[Shootout-list] Re: Optimizing for speed vs. beauty
Brandon J. Van Every
vanevery@indiegamedesign.com
Thu, 30 Sep 2004 01:28:43 -0700
Bengt Kleberg wrote:
> Brandon J. Van Every wrote:
> ...deleted
> >
> > Well, I'm of the camp that LOC is a big, ancient lie. For
> instance, all
> > of the ASM code I've ever written professionally has had lotsa extra
> > LOCs just to keep things clear. And so did the C code
> which preceeded
> > it, so that the compiler generated ASM code would stand a chance of
> > being what I wanted, without having to do it all by hand.
> Extra LOC was
> > clearly the most 'beautiful' way to handle my class of low-level
> > problems. Yet I imagine some HLL guy would just make vampire cross
>
> 1 if you mean that you have to write comments to explain what you are
> doing, then comments are not counted as lines of code.
No, I mean that I put 1 ASM instruction per line. C code that might get
turned into ASM later, or that will produce proper ASM if handed the
right instruction sequence, gets written exactly the same way. 1
ASM-equivalent instruction per line.
LOC is bullshit. It doesn't respect problem domains.
> as an aside i
> find this to be wrong. they should be since some langauages
> needs lots of comments, while others do not.
Again bullshit. *Human beings* need comments, languages do not.
> 2 the number of bugs per LOC is about constant for all languages
For what, the constant valued mythical 'average' or 'median' programmer?

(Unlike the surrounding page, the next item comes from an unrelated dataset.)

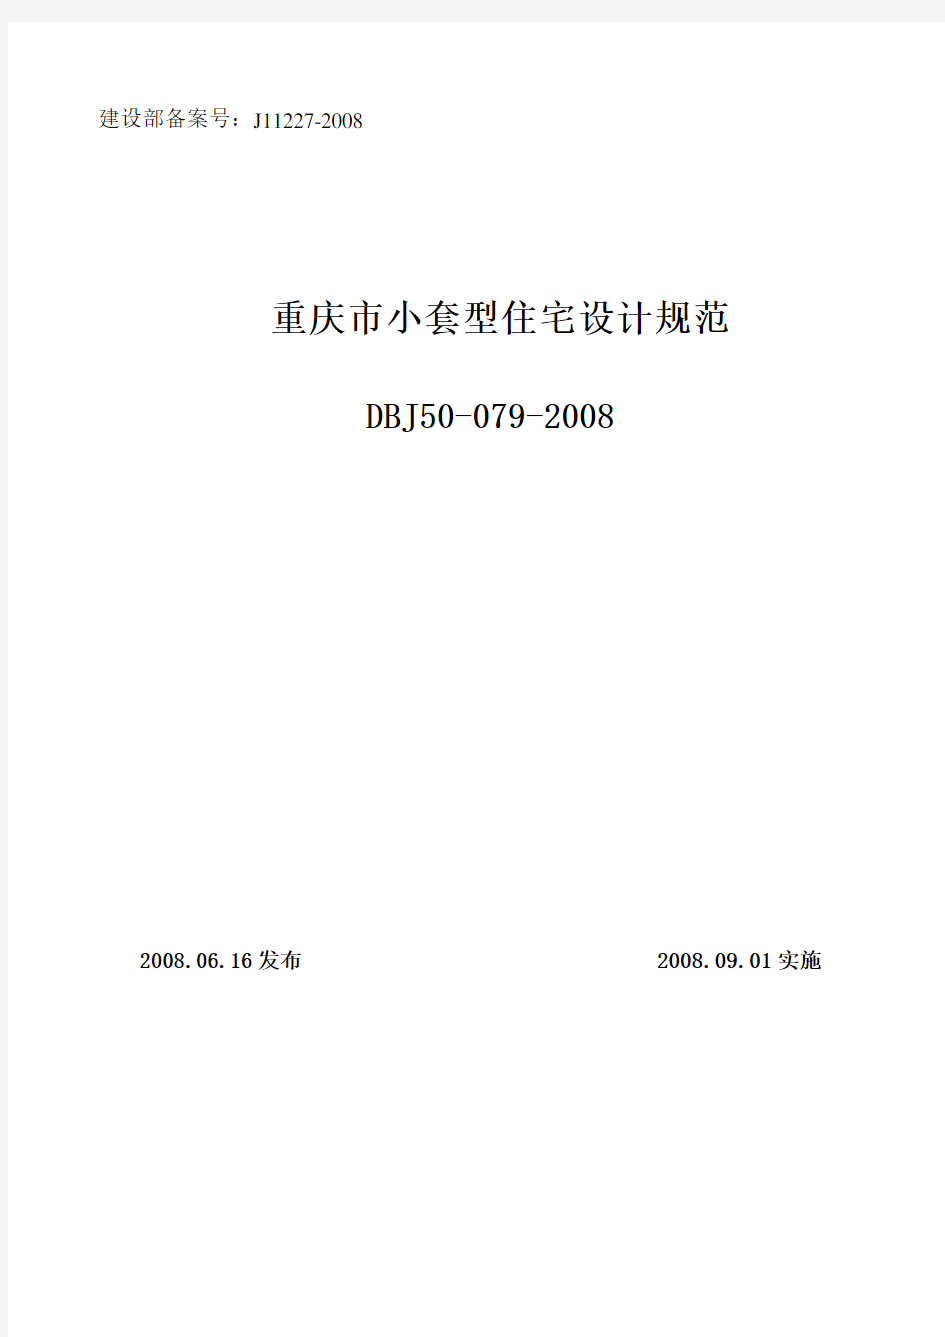 重庆市小套型住宅设计规范(DBJ50-079-2008)

In a 7 person elite team, or a 100 person drool team at some dinosaur
corporation that everyone's either fleeing or milking because it'll go
bankrupt in 2 years? More bullshit.
I would have thought Fred B. Brooks' "The Mythical Man Month" would have
put all this stuff to rest long ago, but I guess you can't get people to
stop believing in LOC.
> (atleast this was the case when i partook in a course on
> safeware about
> 5 years ago). therefore one might want a low LOC count per program.

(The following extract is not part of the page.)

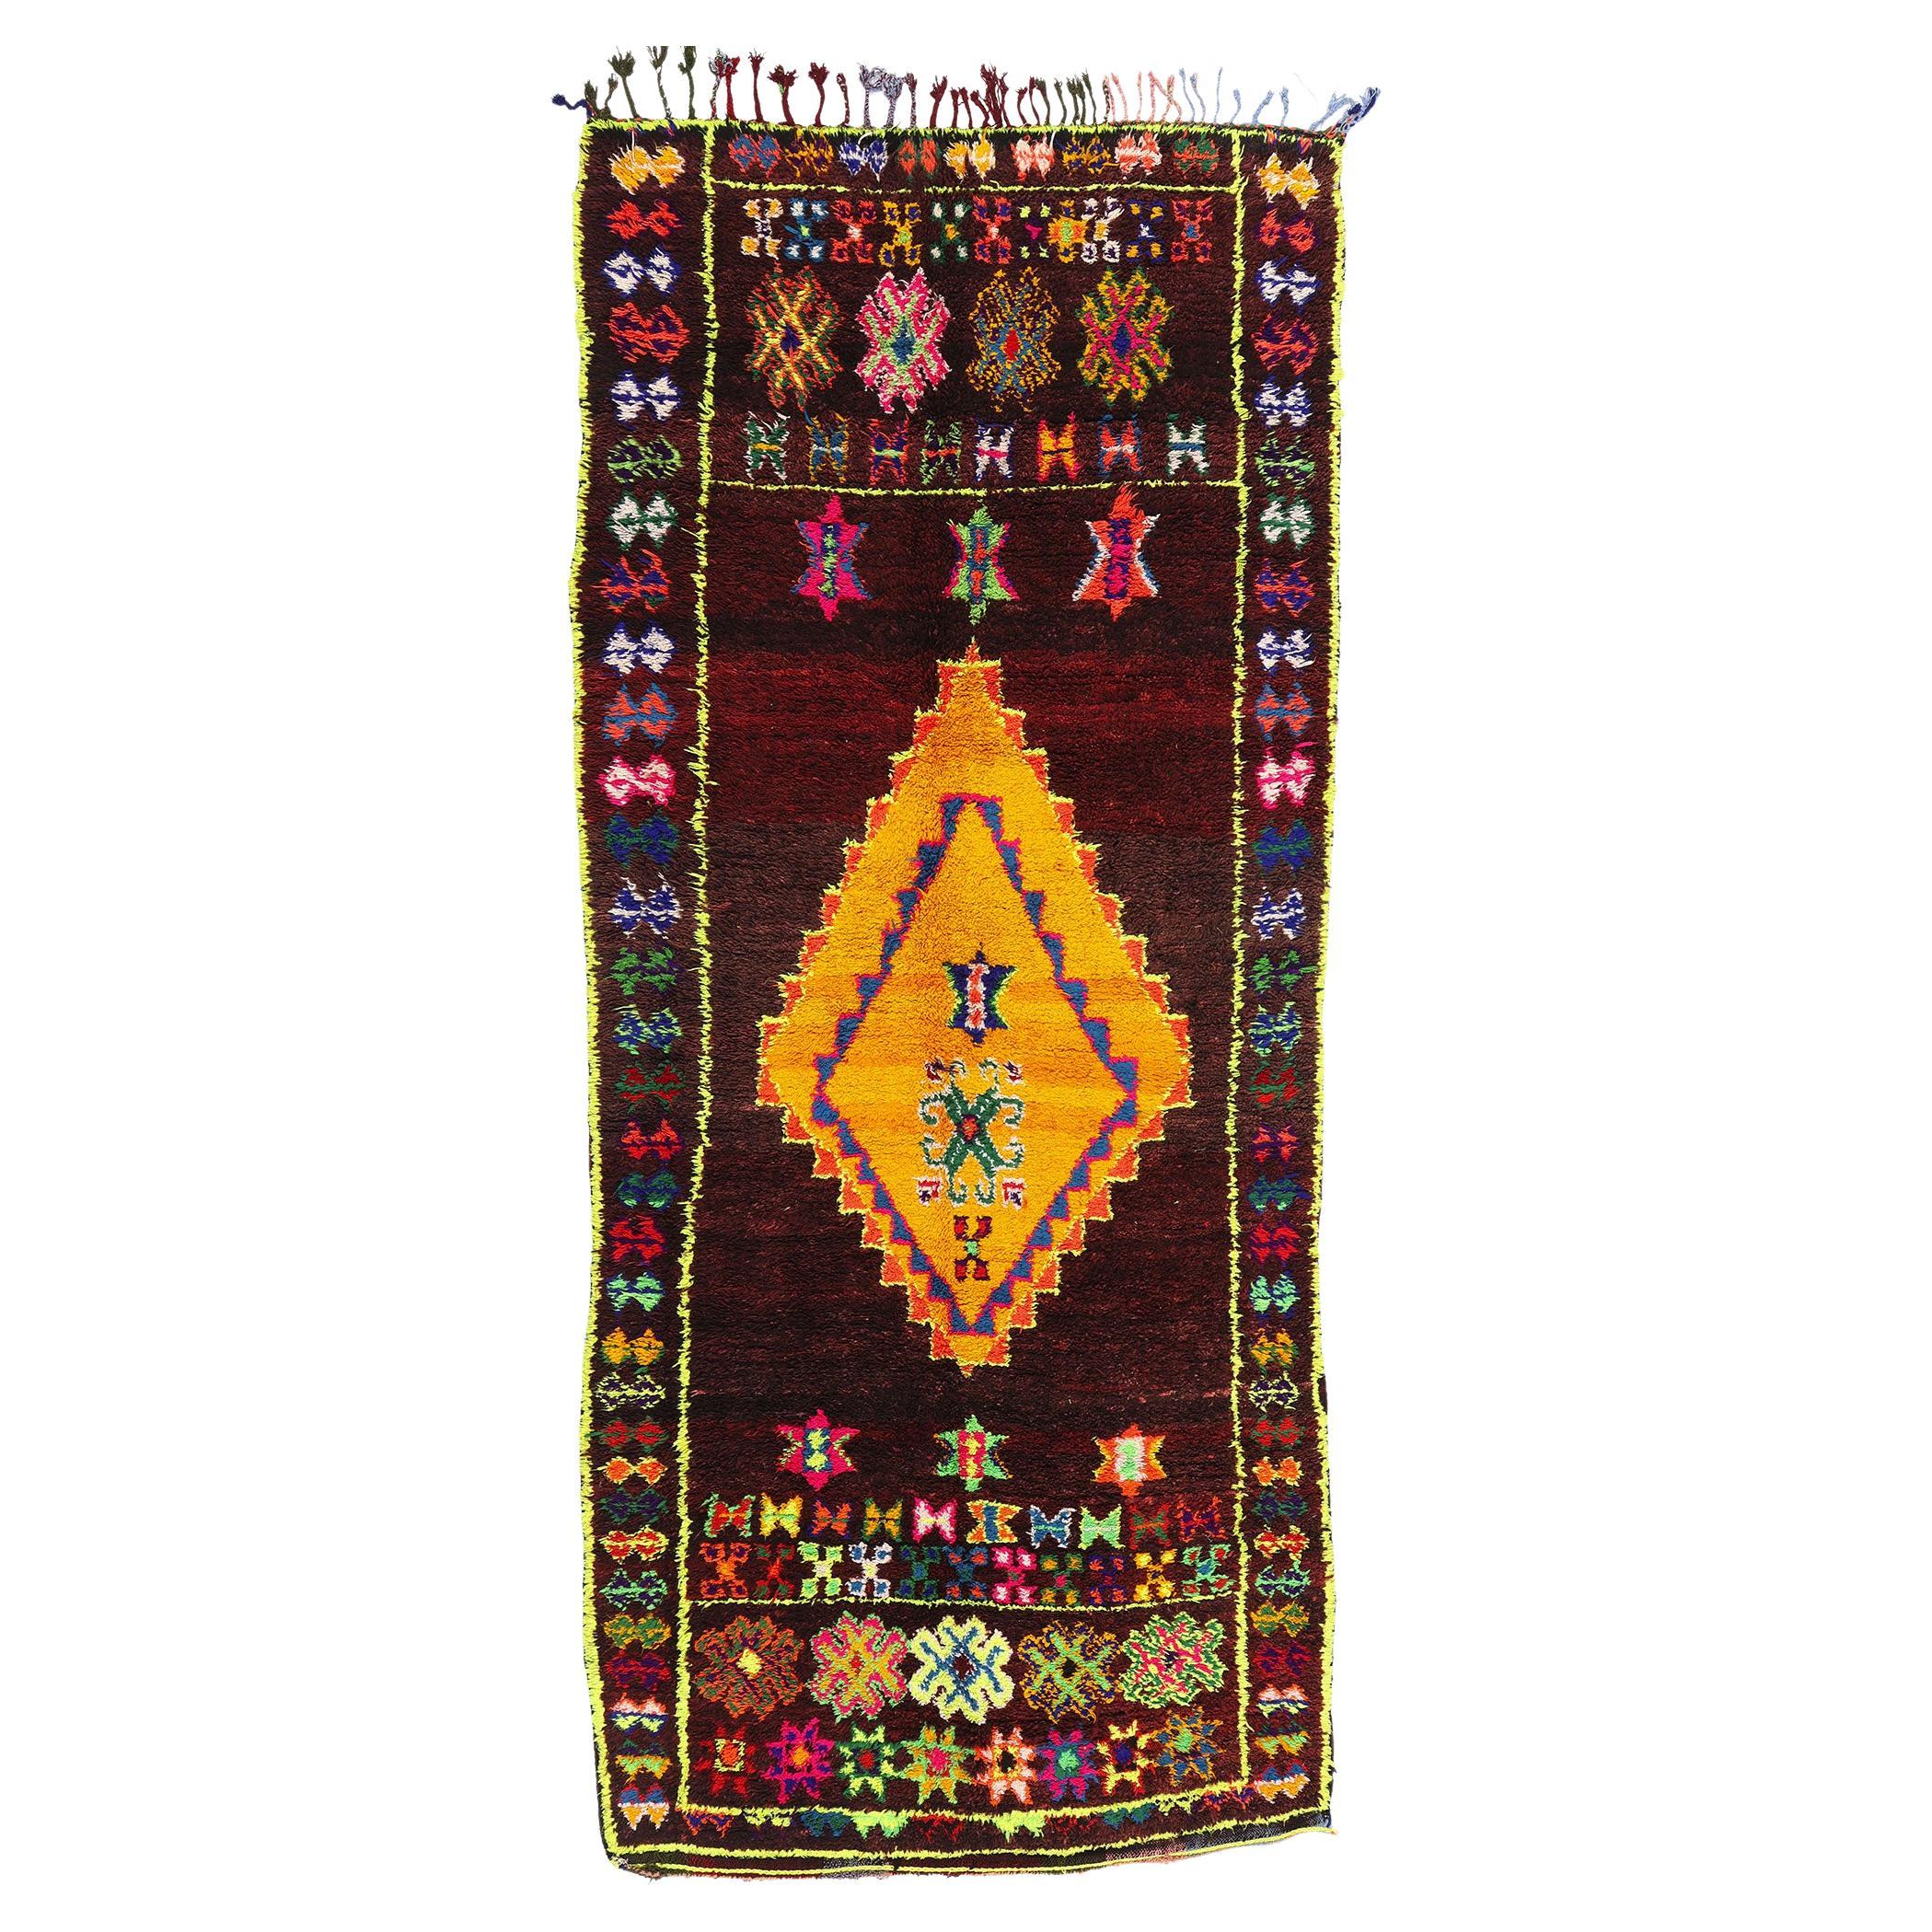 Vintage Beni MGuild Marokkanischer Teppich, kühner Boho-Stil trifft auf Maximalismus

Low compared to what? Compared to the mathematical decomposition of the
task you have to do, or some dream of yours? How on Earth would you
objectively establish a lower bound for LOC? Transform your code like
some obfuscated C contest until it's all on one line?
> 3 it is possible to ''cheat'' by having artificially long
> lines. those ''cheats'' are not of interest for this discussion.
But you're on a slippery slope as to what's a 'cheat' and what's 'good
style'.
Cheers, www.indiegamedesign.com
Brandon Van Every Seattle, WA
"The pioneer is the one with the arrows in his back."